Here are the missing verses:

[10] Then the disciples came and said to him, “Why do you speak to them in parables?” [11] And he answered them, “To you it has been given to know the secrets of the kingdom of heaven, but to them it has not been given. [12] For to the one who has, more will be given, and he will have an abundance, but from the one who has not, even what he has will be taken away. [13] This is why I speak to them in parables, because seeing they do not see, and hearing they do not hear, nor do they understand. [14] Indeed, in their case the prophecy of Isaiah is fulfilled that says:
 “‘“You will indeed hear but never understand,
            and you will indeed see but never perceive.”
[15] For this people's heart has grown dull,
            and with their ears they can barely hear,
            and their eyes they have closed,
lest they should see with their eyes
            and hear with their ears
and understand with their heart
            and turn, and I would heal them.’
 [16] But blessed are your eyes, for they see, and your ears, for they hear. [17] For truly, I say to you, many prophets and righteous people longed to see what you see, and did not see it, and to hear what you hear, and did not hear it. (Matthew 13:10-17 ESV)
Although I haven’t figured out whether I’ll lengthen the gospel lesson this week and add the intervening eight verses, I know that I’ll preach with them in mind, and I urge others to do the same. These are the tough verses. They are the ones where the hard, illuminating truth is to be found.

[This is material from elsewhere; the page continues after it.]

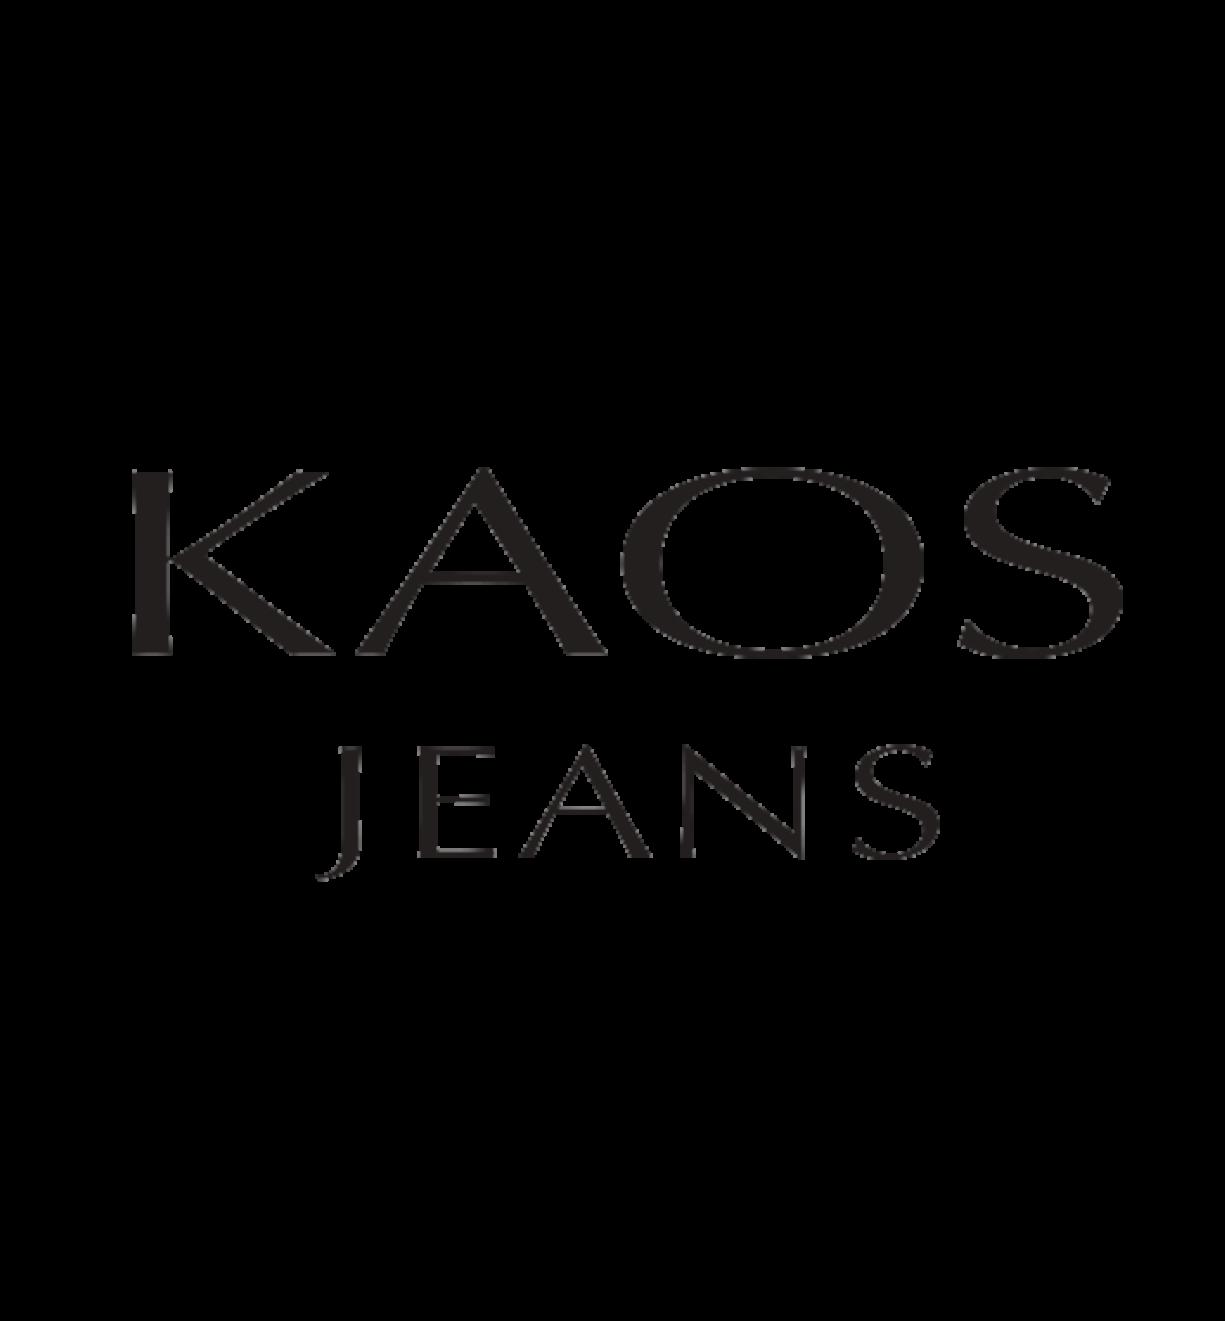 kaos-box
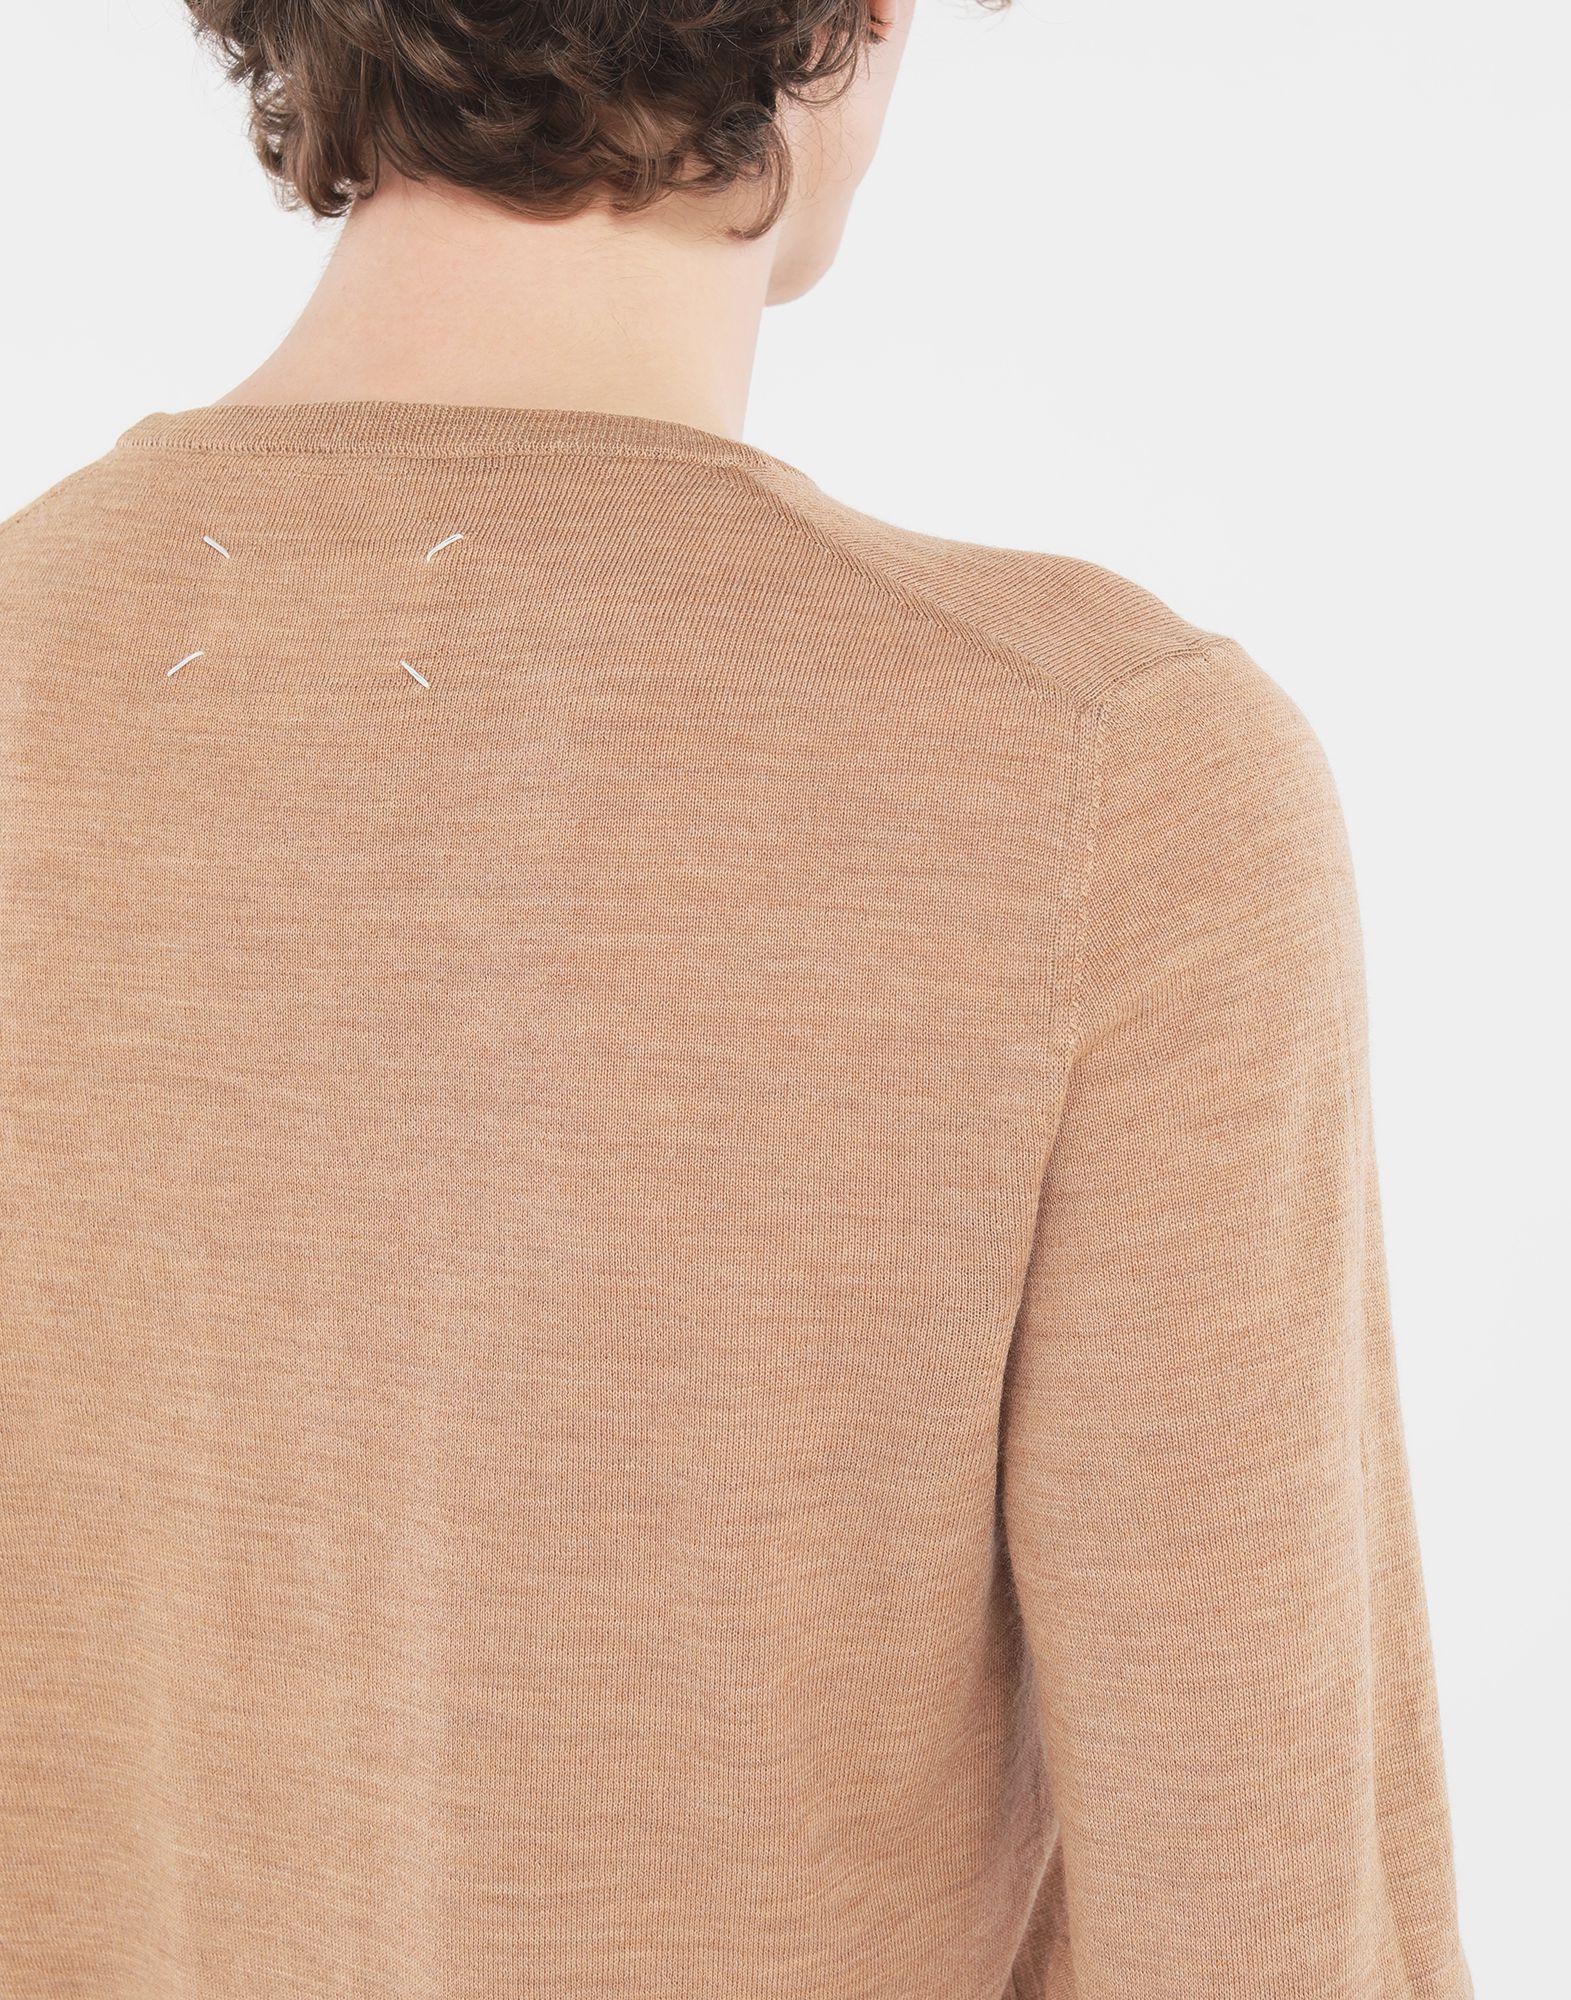 MAISON MARGIELA Wool sweater Crewneck sweater Man b

I’ve heard lots of people explain parables by saying that they were a teaching device designed to get people to remember the truth they contain. But these verses—Jesus’ own explanation of why he taught in parables—seems to suggest the opposite. Jesus taught in parables so that many would not understand the truth at all. It’s a “theology of obfuscation”—a phrase I like to use to suggest that God is intentionally covering the eyes and stopping the ears of his people. I confess that that itself doesn’t make sense, but it’s not supposed to. Why would God make the truth hard for his people to understand? Why would he hide salvation from us? Because we don’t want to hear the truth, and we aren’t looking for salvation.

Imagine going to a concert expecting to hear James Taylor but discovering that you’re in the second row of a Megadeth show. Imagine buying tickets to hear Sarah Palin speak but discovering that Jesse Jackson has taken her place. Imagine getting on a plane destined for Tahiti but alighting in Yakutsk. That’s what it was like listening to Jesus. That’s what it was like hearing his message about the kingdom.

Most of the world had such a completely different expectation of what God’s kingdom would look like that his teachings needed to be delivered in parables so that only a few would know what he was talking about. If he had spoken plainly, he would have been written off as crazy. Only by disguising his message by confusing his audience could anyone accept that he was sane. The truth was too radical to be delivered without adulteration. It was too strong to be received without dilution.


The parable of the sower is a parable about parables. How will the word be received? Most of it falls where it shouldn’t. Some of it lands where it should. Over the weeks that follow, don’t forget that there’s a reason Jesus speaks in parables. It isn’t because he’s being cute. It’s because he is stretching past the breaking point. Parables are the only thing that makes it possible for us to hear his message without snapping in half.